А ночью мы решили устроить охоту на медведя. С вечера забрались на стог сена метрах в сорока от палатки, снизу подстраховали себя наклонно воткнутыми острыми колами, разбросали вокруг посуду, объедки и принялись ждать, изготовив ружья и напряжённо всматриваясь в заросли за лужайкой. Ночь была тёмная и холодная, медведь что-то не торопился, и мы начали уставать. От пристального глядения белевшая в отдалении палатка стала совершать какие-то ритуальные танцы. За ней последовали молодые берёзки, которые, покачавшись на месте, по одной выбегали из рощи на опушку и плясали там игривое соло. Интересно, что это видели мы все, дивясь и поддакивая друг другу. Коллективные галлюцинации? Или мираж? Вопрос остался открытым.
 
Что касается медведя, то он так и не появился. Девчата продрогли, и в половине четвёртого мы пошли досыпать в палатку, сильно обидевшись на виновника ночных бдений за некорректное поведение. Но не исключено, что мы переоценили его наивность, и он, подкравшись сзади и учуяв нас на стогу, сам смертельно обиделся на такое коварное гостеприимство и ушёл домой, не поздоровавшись и не простившись.

18 августа.
Проснулись, разумеется, поздно. На дворе стояла жара, парило. Лёва в зарослях у реки подстрелил из ружья аж трёх рябчиков и сломал курок, после чего ушёл на охоту с винтовкой. Со всех сторон бродили тучи, стало погромыхивать, и вскоре пошёл дождь. Палатка уже была окопана, причём лопатка не выдержала первого испытания и сломалась, а крышу, не рассчитывая на её непромокаемость, мы застелили лакотканью.

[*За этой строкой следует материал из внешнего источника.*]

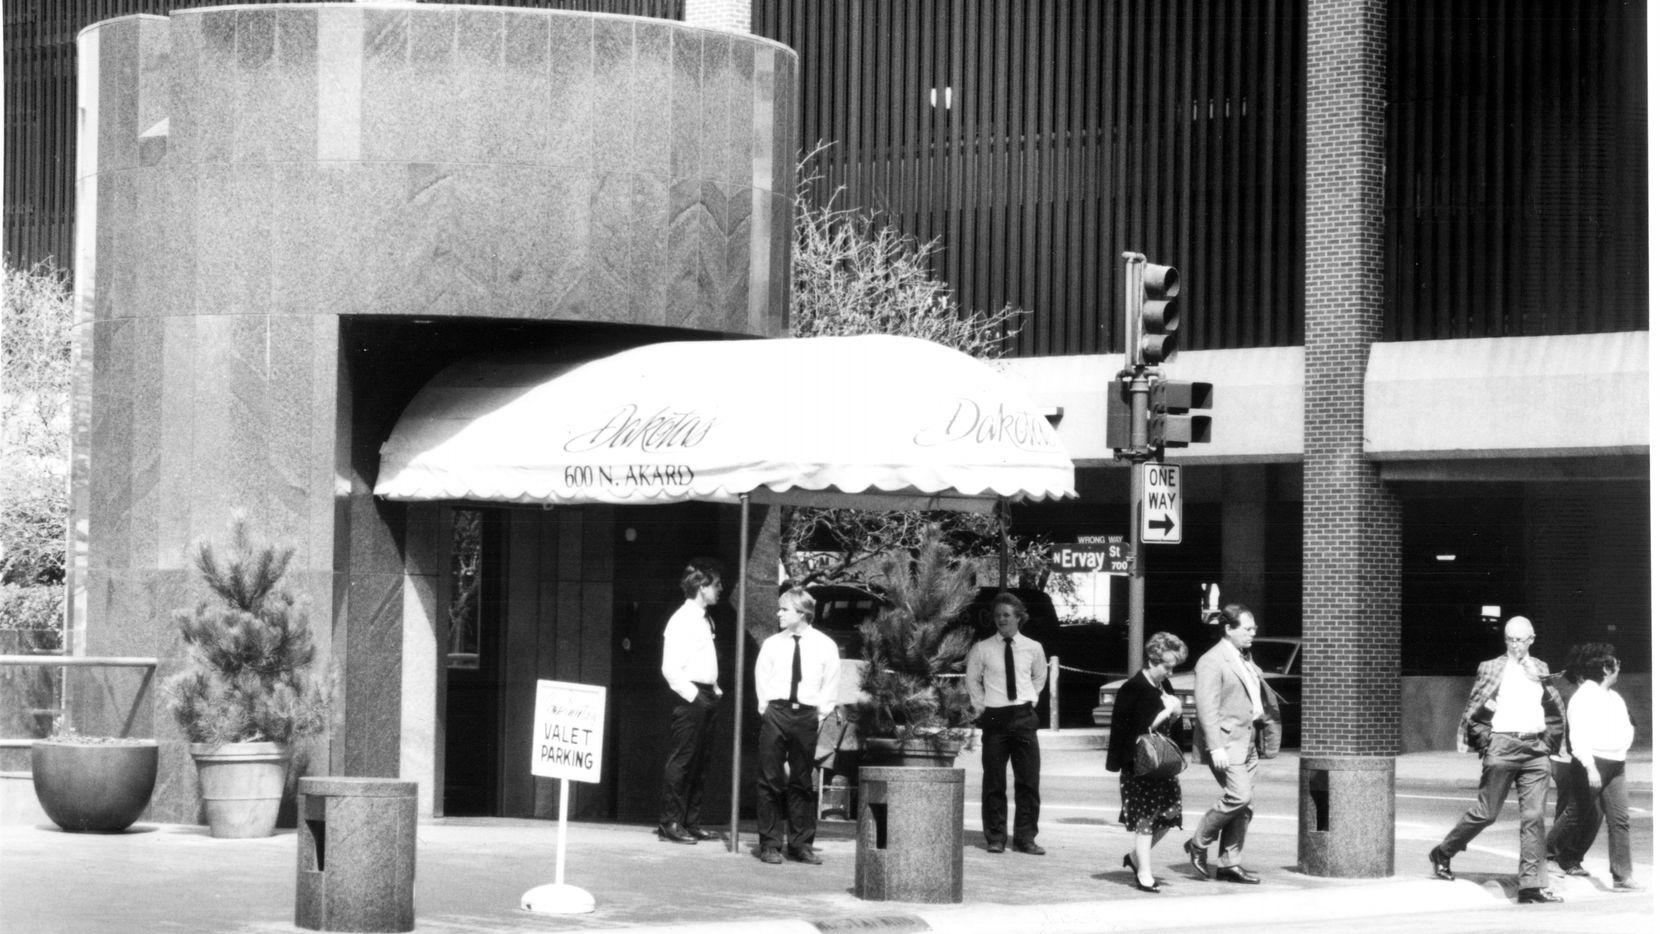 Image published in 03-12-1985 of Dakota's restaurant.
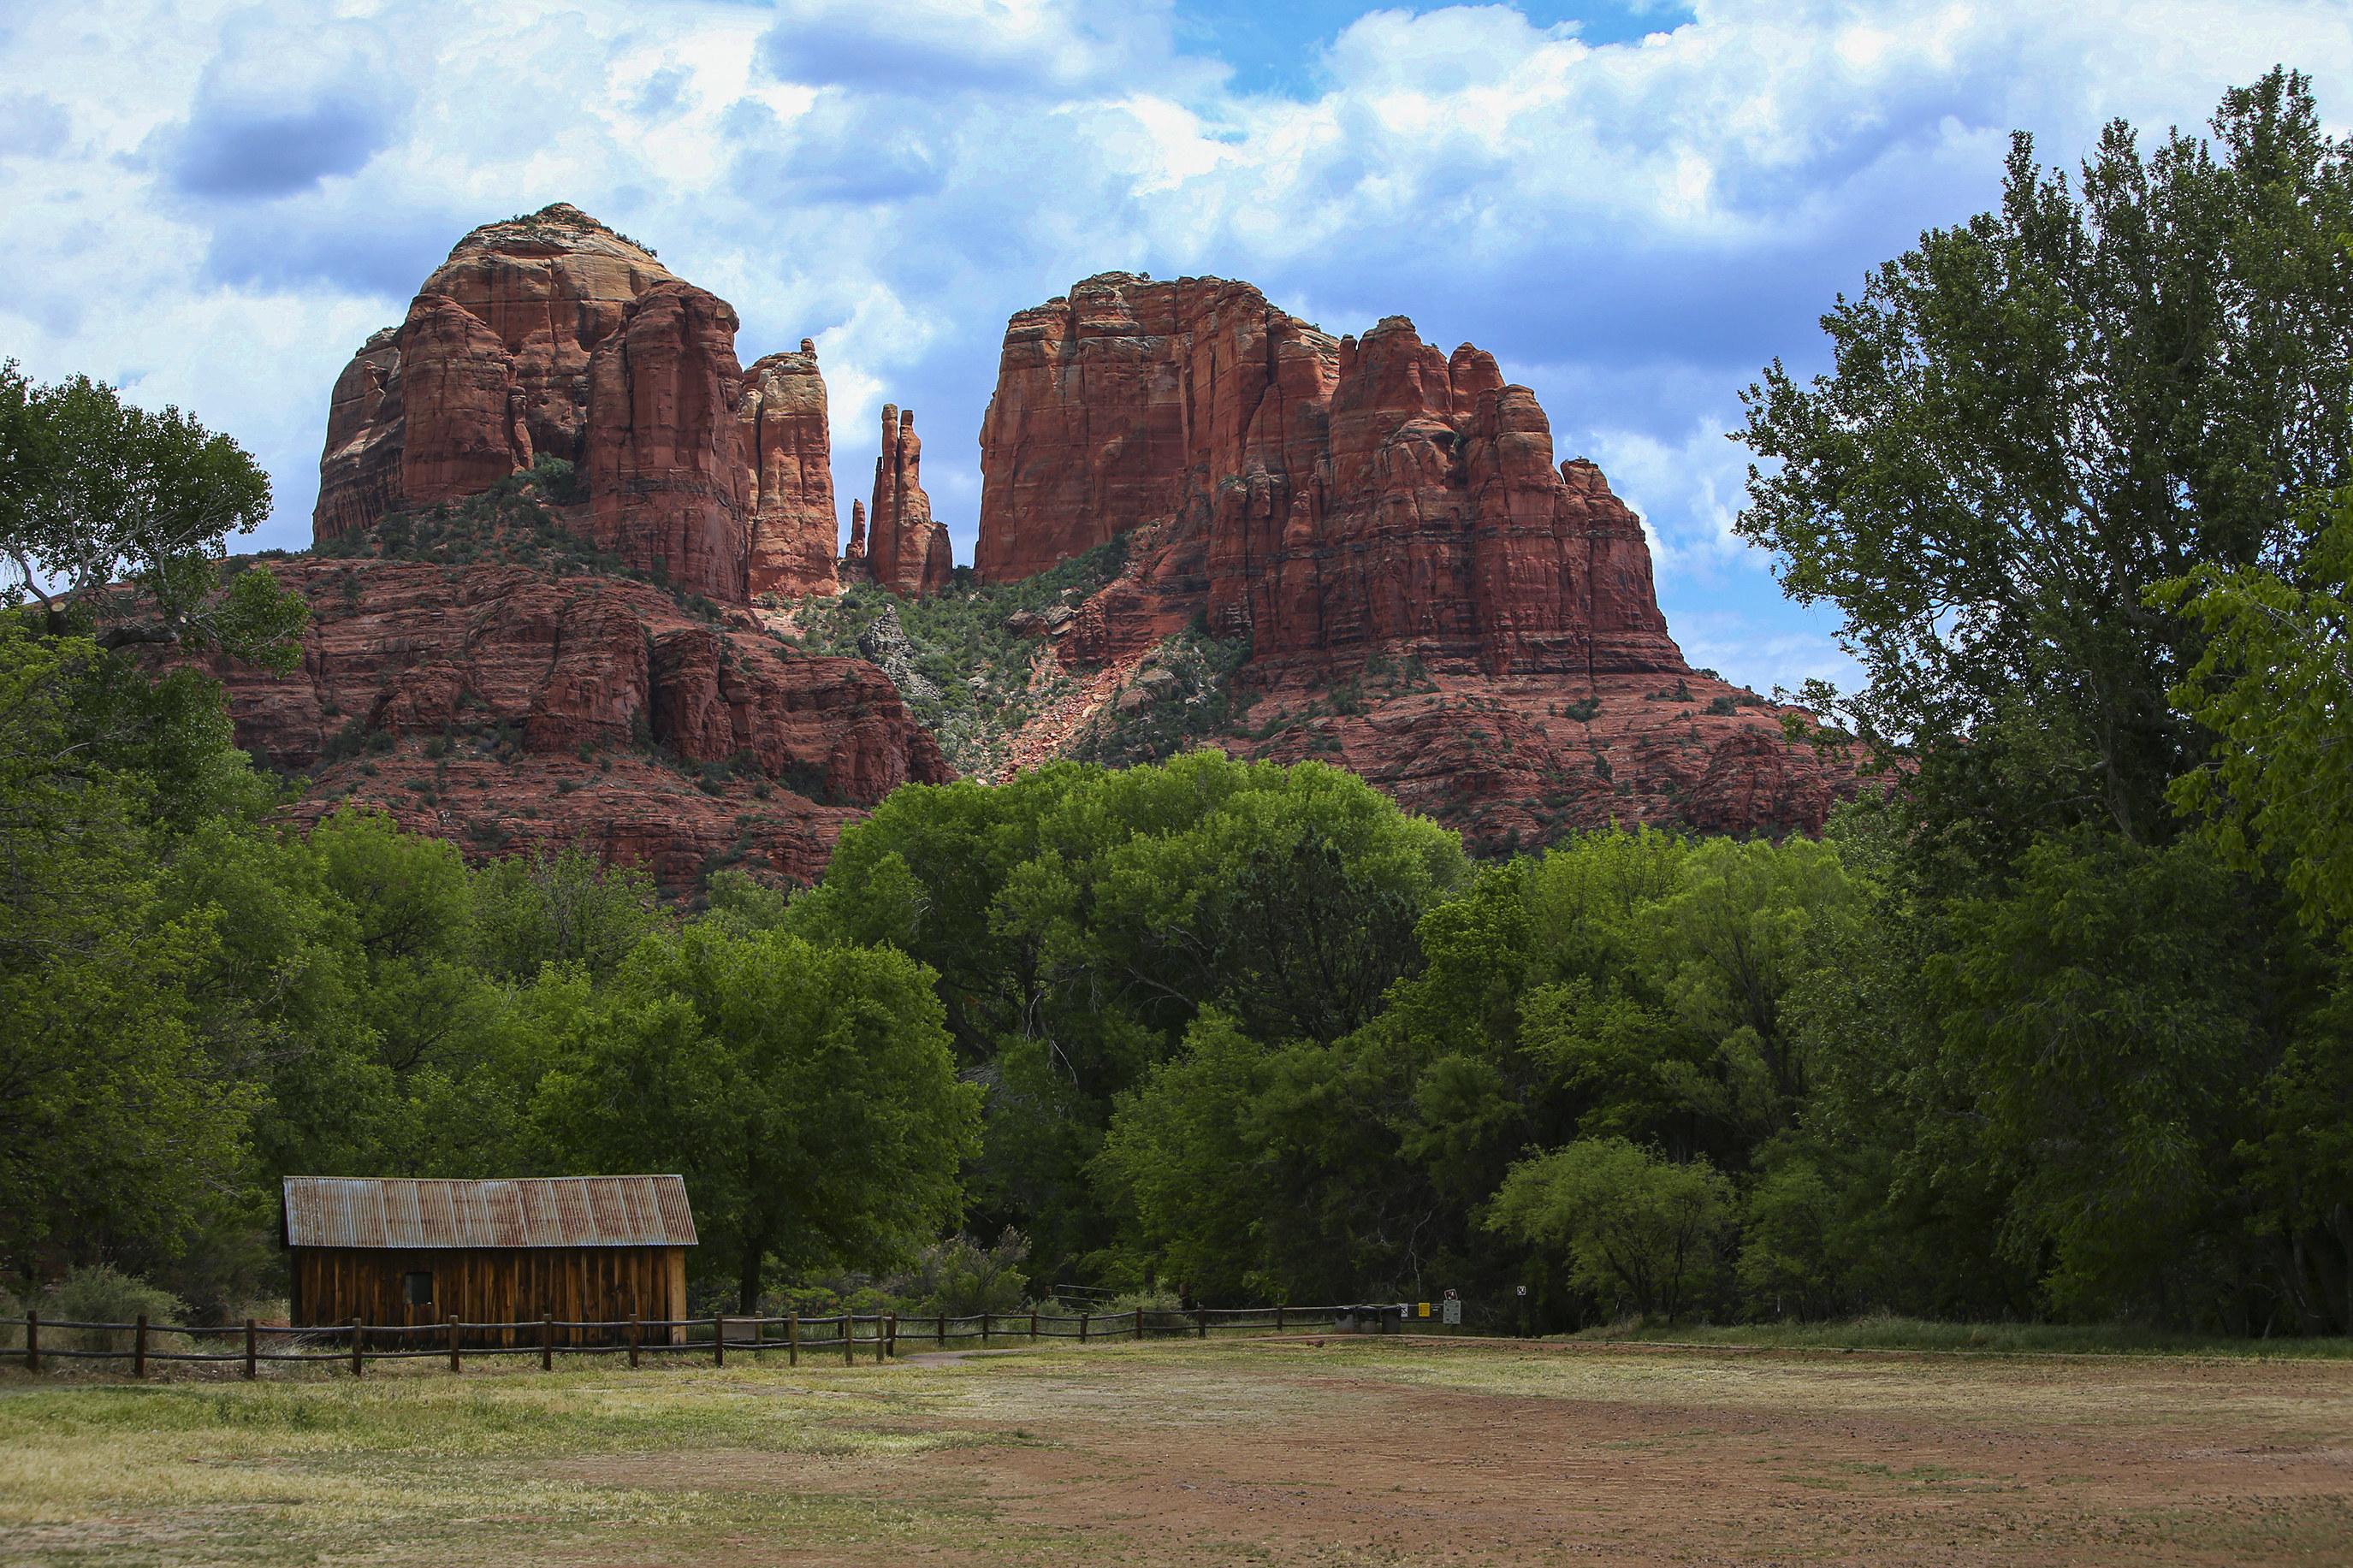 Rocks in Sedona, Arizona

Поев рябчиков, мы с Таней и Галей забились в палатку и оживлённо проболтали всю непогоду. К вечеру пришёл Лёва, насквозь промокший и без трофеев. Как выразился классик тов. Крылов И.А., «охотник мой, измокши весь, пришёл домой с пустой сумой». Ночью опять кто-то крутился у палатки, только вроде уже не медведь.

19 августа.
С утра стали собираться в путь. Солнце так и жгло, и, позавтракав, мы с Таней пошли купаться, прихватив фотоаппарат. Полазали по камням между белыми бурунами, побрызгались, поснимались и получили хороший заряд бодрости на дорогу. Вода здесь совсем не холодная, почти такая, как обычно на Рижском взморье. Тем не менее, в сильную жару она прекрасно освежает и восстанавливает силы.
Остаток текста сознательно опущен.